PMQs: Corbyn suggests Johnson's cocaine-using past makes deporting drug offenders hypocritical – live news


Many politicians are fond of quoting the Michelle Obama slogan: “When they go low, we go high”, and it could have been tailor-made for Jeremy Corbyn, who throughout his leadership of the Labour party has mostly stuck to his principle of never engaging in personal attacks. As my colleague Heather Stewart reported in an article about Labour’s general election campaign, when Corbyn was asked if he had managed to land a blow on Boris Johnson, he appeared horrified by the very notion. “I’m not a boxer!” he replied.

Well, today Corbyn did go low – and it worked. In a question about the deportation of foreign offenders to Jamaica this week, including some who first came to the UK when they were children, he referred to Johnson’s admission that he had taken cocaine in his youth, as well as the fact that when Johnson was a journalist he also agreed to provide information to a friend that would help him to arrange to have a reporter beaten up. (The conversation was recorded, and subsequently broadcast, although Johnson says he never did supply the information requested, and the planned assault never happened.) Corbyn asked Johnson:


If there was a case of a young white boy with blond hair who later dabbled in class A drugs and conspired with a friend to beat up a journalist, would he deport that boy, or is it one rule for young black boys from the Caribbean and another for white boys from the United States?

(Johnson was born in the United States, and he had joint citizenship until only a few years ago, when he gave it up reportedly so that he was no longer liable for US tax.)

It would be wrong to say that the Corbyn question felled Johnson in one go. He responded by accusing Corbyn of demeaning himself, and going on to defend the deportations. But Johnson did appear embarrassed and discomforted; in PMQs terms, he took a hit.

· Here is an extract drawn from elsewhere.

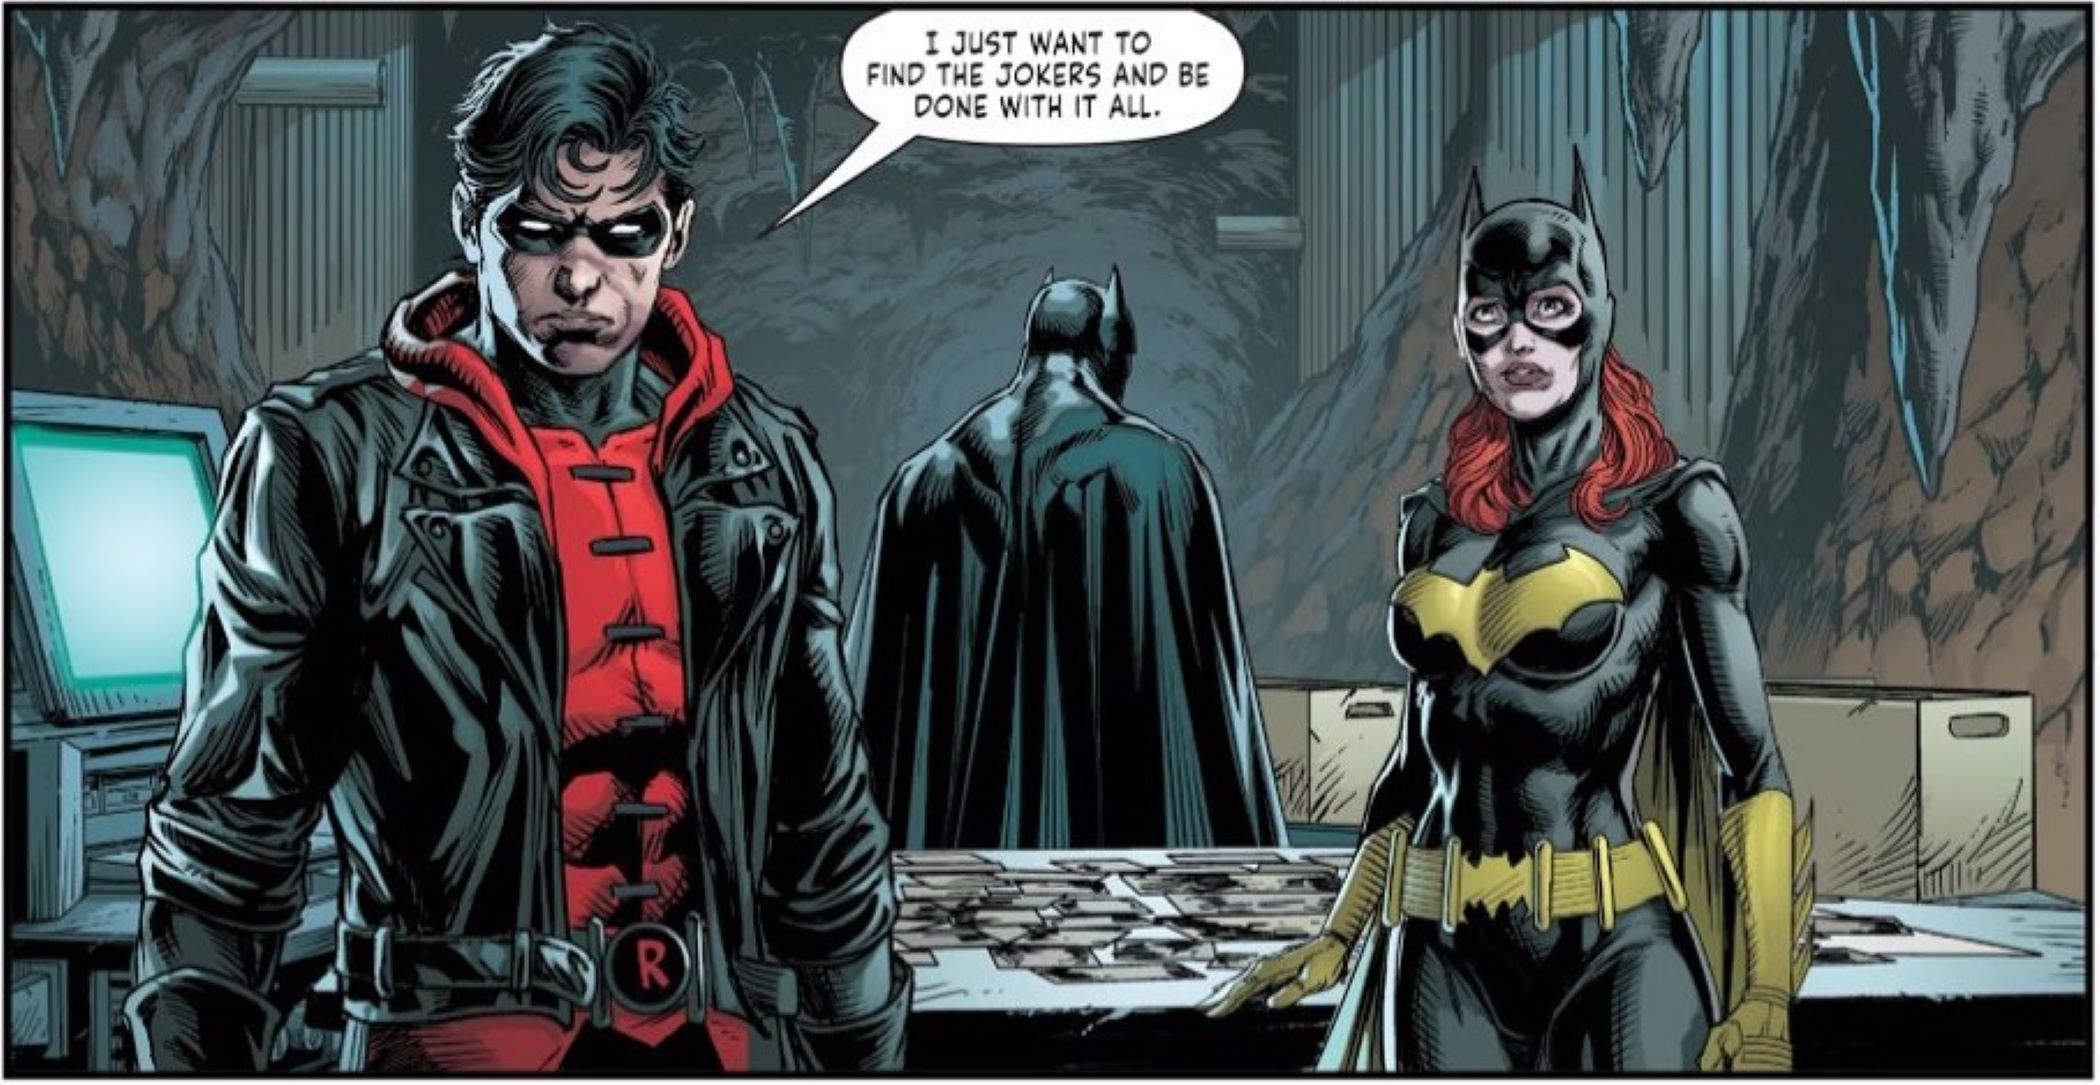 Batman et Batgirl semblent très déçus alors que Red Hood déclare qu'il va tuer les deux derniers Jokers restants.

Are there any wider lessons in this? Voters dislike gratuitous personal attacks on politicians, they appear to have close to zero interest in Johnson’s unconventional love life, and during the election repeated Lib Dem claims that Johnson was a “liar” bounced off without doing any harm. But Corbyn’s jibe today wasn’t gratuitous (he was making a reasonable point about double standards). Generally Corbyn, and other opposition MPs, have found it all-but-impossible to puncture Johnson’s iron-clad bonhomie, but perhaps this is how it can be done.

Otherwise the highlights from PMQs were probably Johnson’s surprise decision to agree with Corbyn’s point about the US extradition treaty being lopsided (at least, it seemed to come as a surprise to Corbyn – Tory libertarians have been going on about this for some years) and Johnson’s attack on the pay rise for peers. (See 12.22pm.)

Surprisingly, though, Johnson faced almost no questions about Brexit – even though only two days ago Michael Gove confirmed that there will be border checks on imports from the EU, contradicting repeated claims to the contrary made by Johnson and Gove when they were running Vote Leave. At just the point when Brexiters need to be held to account, MPs seem to be losing interest.